How to avoid double-extraction of patterns in SpaCy?-CodePudding

I'm using an incident database to identify the causes of accidents. I have defined a pattern and a function to extract the matching patterns. However, sometimes this function creates overlapping results. I saw in a previous post that we can use for span in spacy.util.filter_spans(spans): to avoid repetition of answers. But I don't know how to rewrite the function with this. I will be grateful for any help you can provide.

pattern111 = [{'DEP':'compound','OP':'?'},{'DEP':'nsubj'}]

def get_relation111(x):
    doc = nlp(x)
    matcher = Matcher(nlp.vocab)
    relation= []

    matcher.add("matching_111", [pattern111], on_match=None)

    matches = matcher(doc)
  
    for match_id, start, end in matches:
        matched_span = doc[start: end]
        relation.append(matched_span.text)
    return relation

CodePudding user response：

filter_spans can be used on any list of spans.

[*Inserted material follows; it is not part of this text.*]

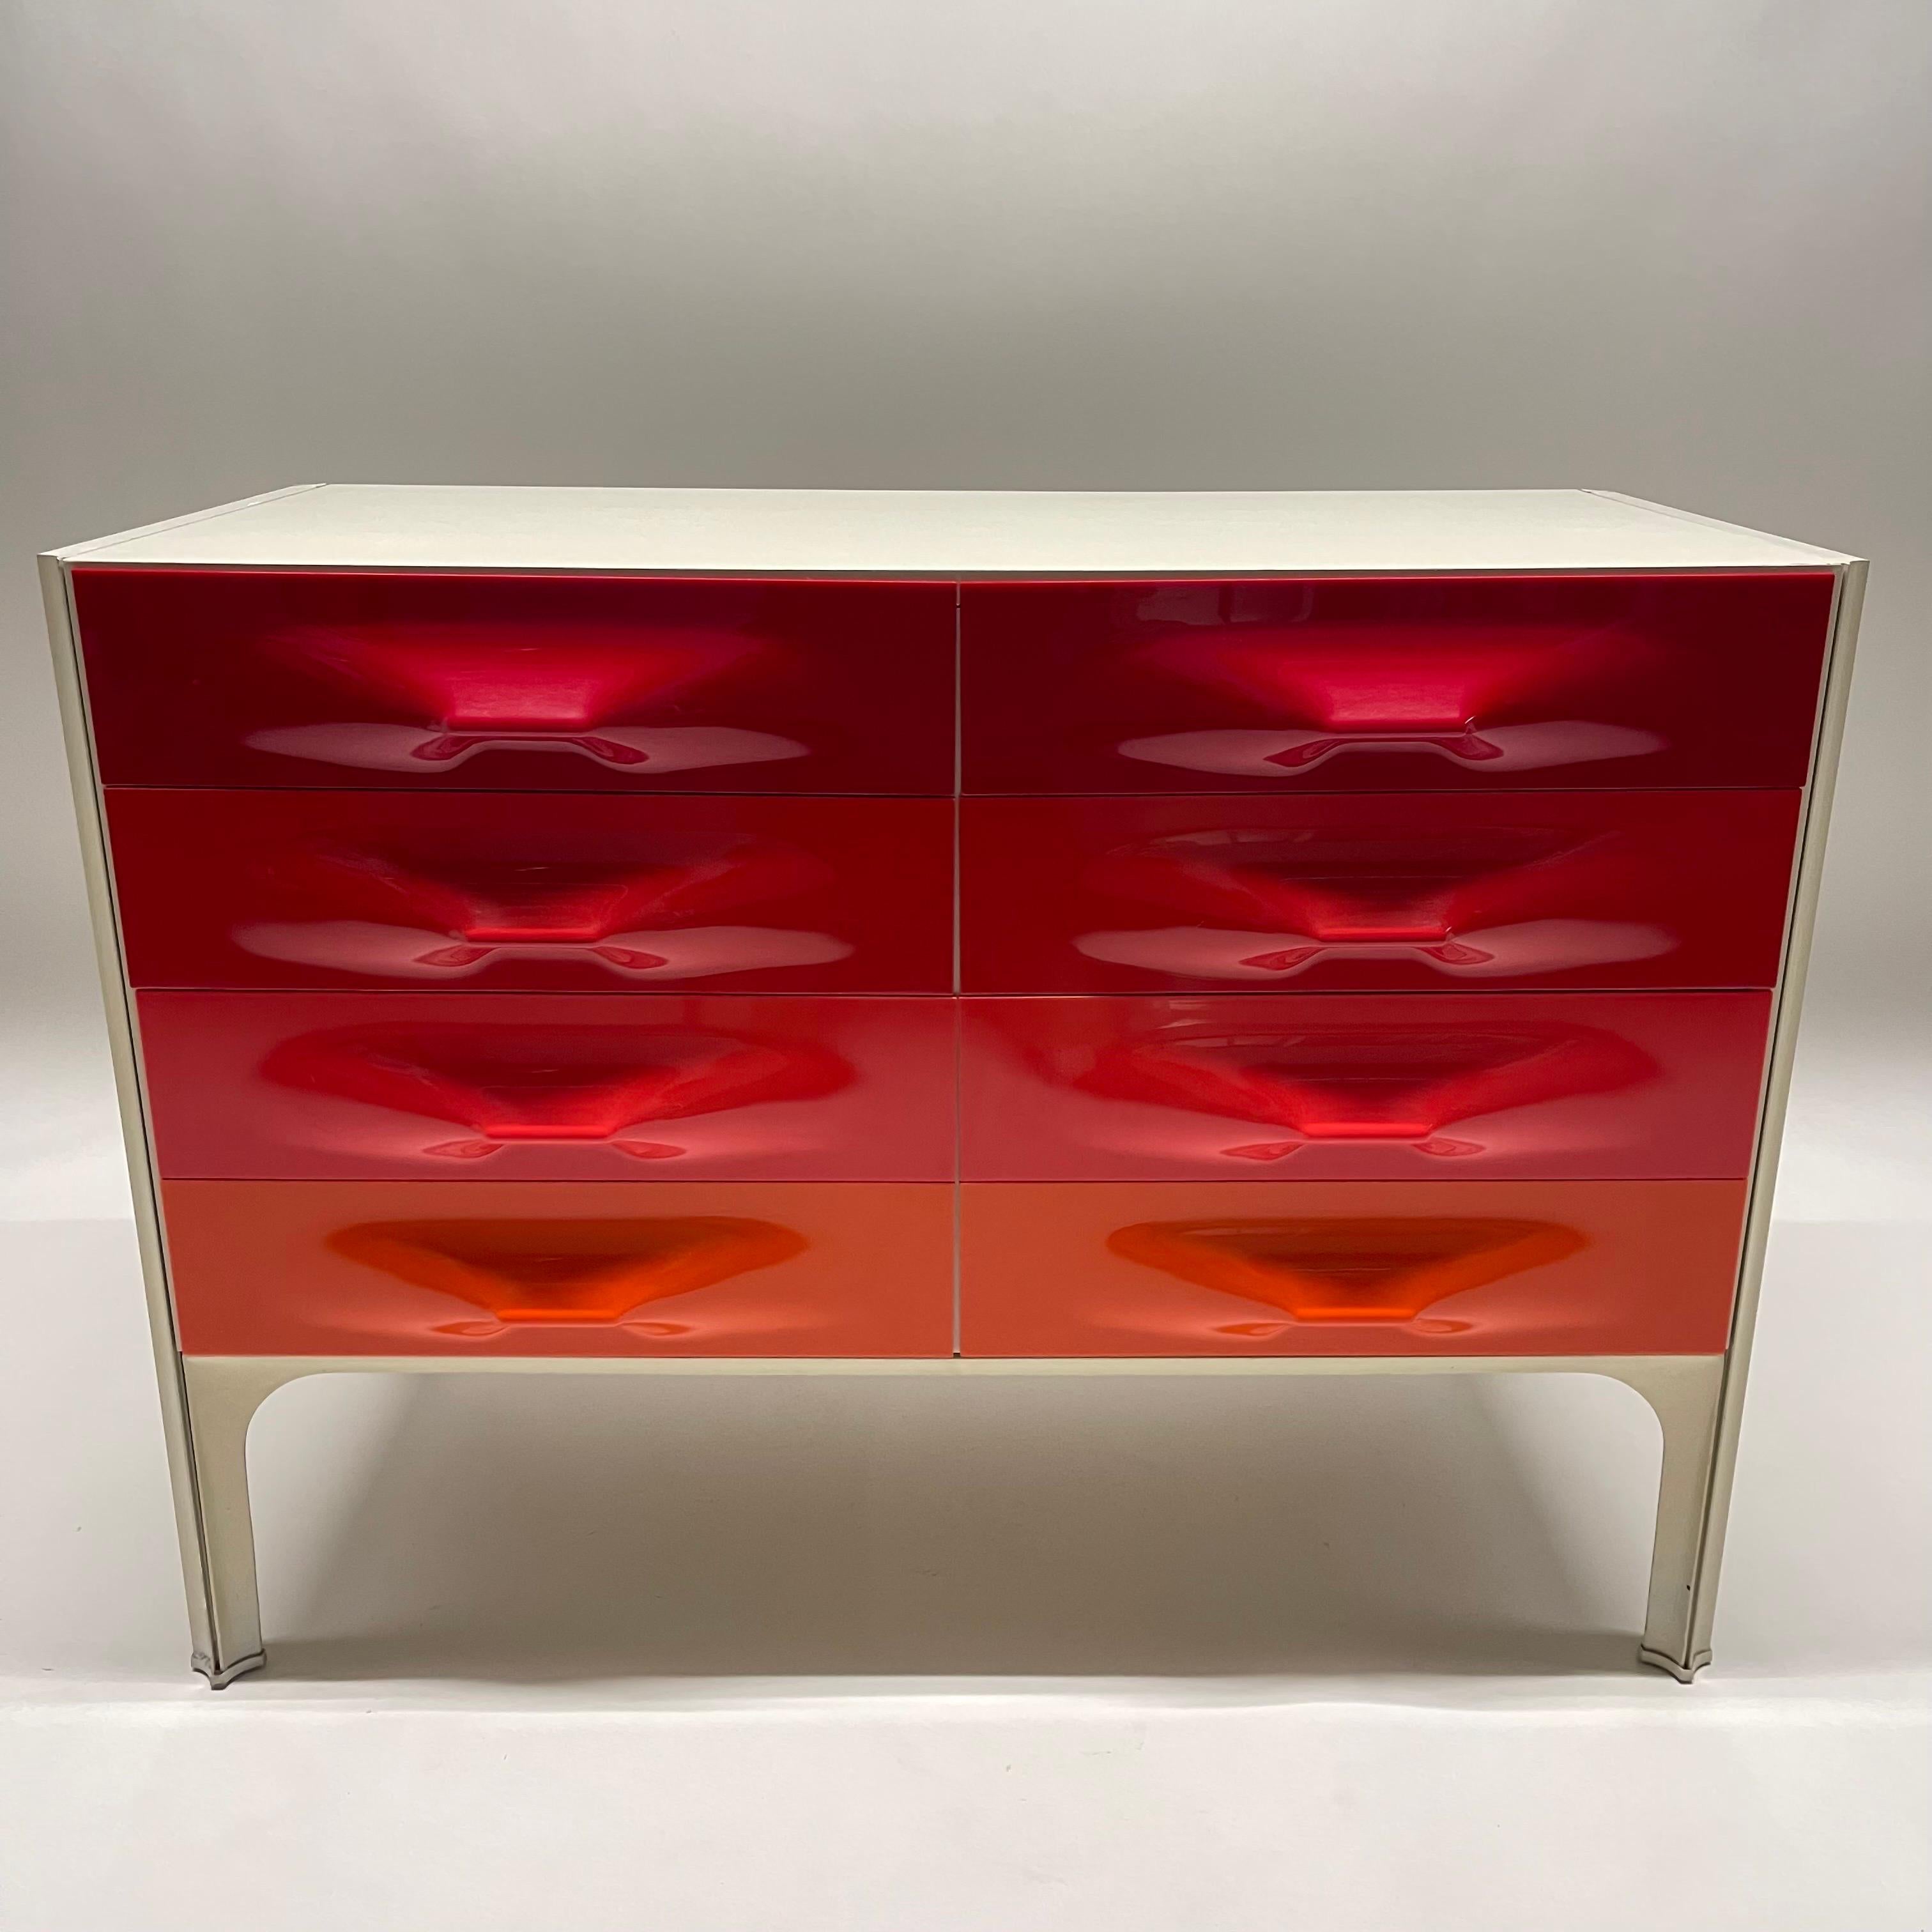 Rare Red to Orange Ombre DF-2000 6 drawer Commode, Chest of Drawers, or Dresser, rendered in Molded Plastic drawer fronts with Laminated wood case and Aluminum frame and legs. Designed by Raymond Loewy from his X-Line Series for Doubinsky Freres,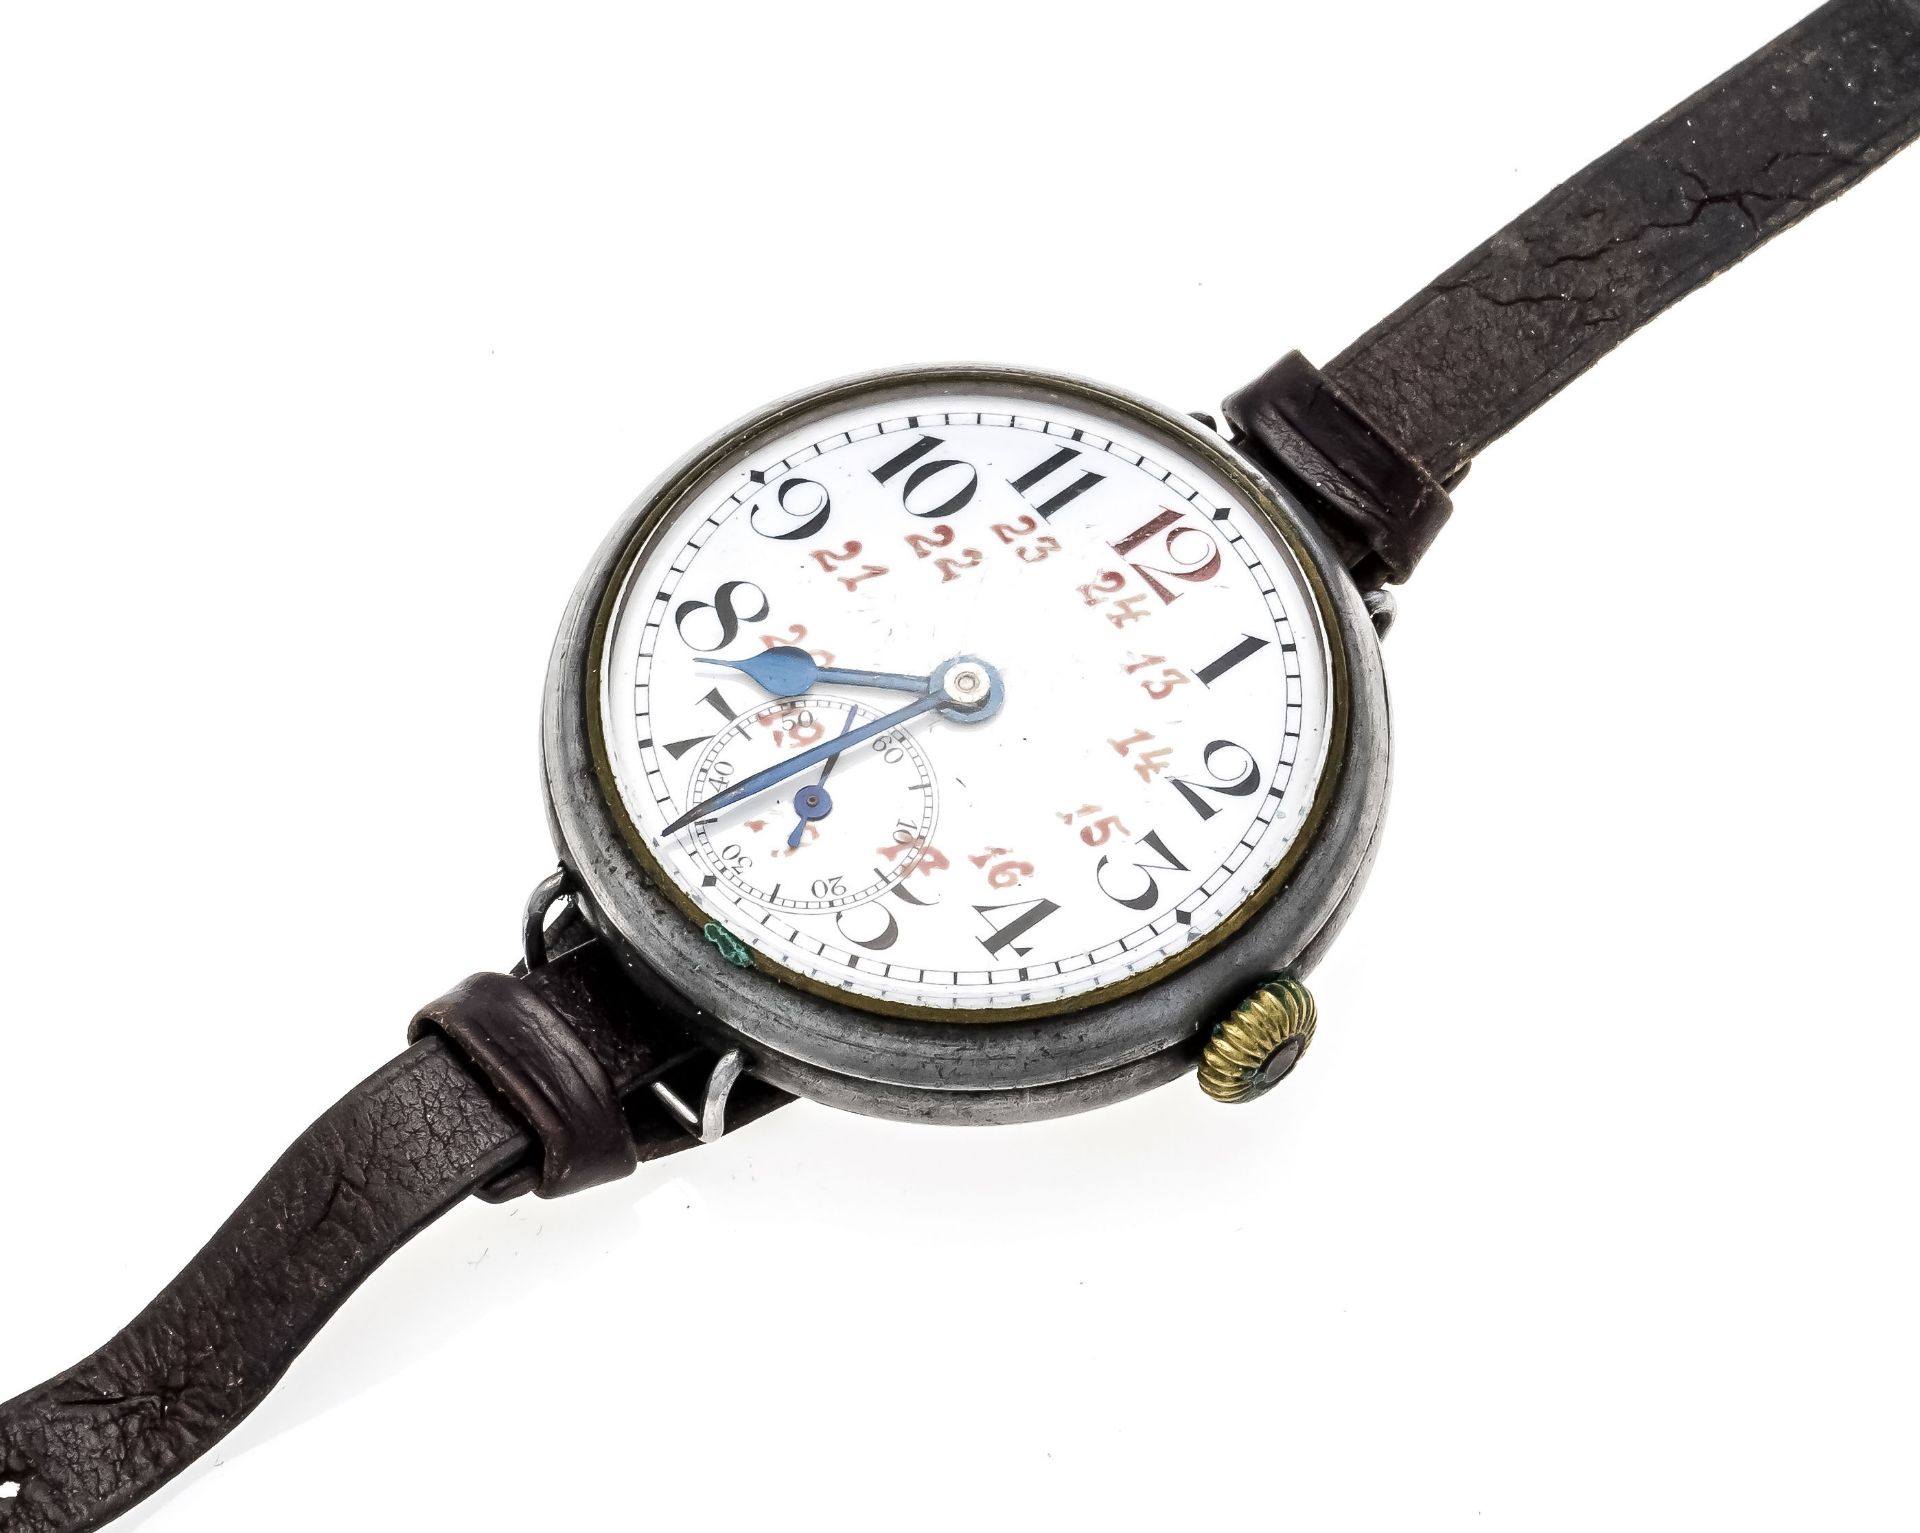 Men's watch in burnished steel case, circa 1920, white enamel dial with black Arabic numerals and

This is a little weird because you want a list of strings, but you can work around it by saving a list of spans first and only converting to strings after you've filtered.

def get_relation111(x):
    doc = nlp(x)
    matcher = Matcher(nlp.vocab)
    relation= []

    matcher.add("matching_111", [pattern111], on_match=None)

    matches = matcher(doc)
  
    for match_id, start, end in matches:
        matched_span = doc[start: end]
        relation.append(matched_span)
    # XXX Just add this line
    relation = [ss.text for ss in filter_spans(relation)]
    return relation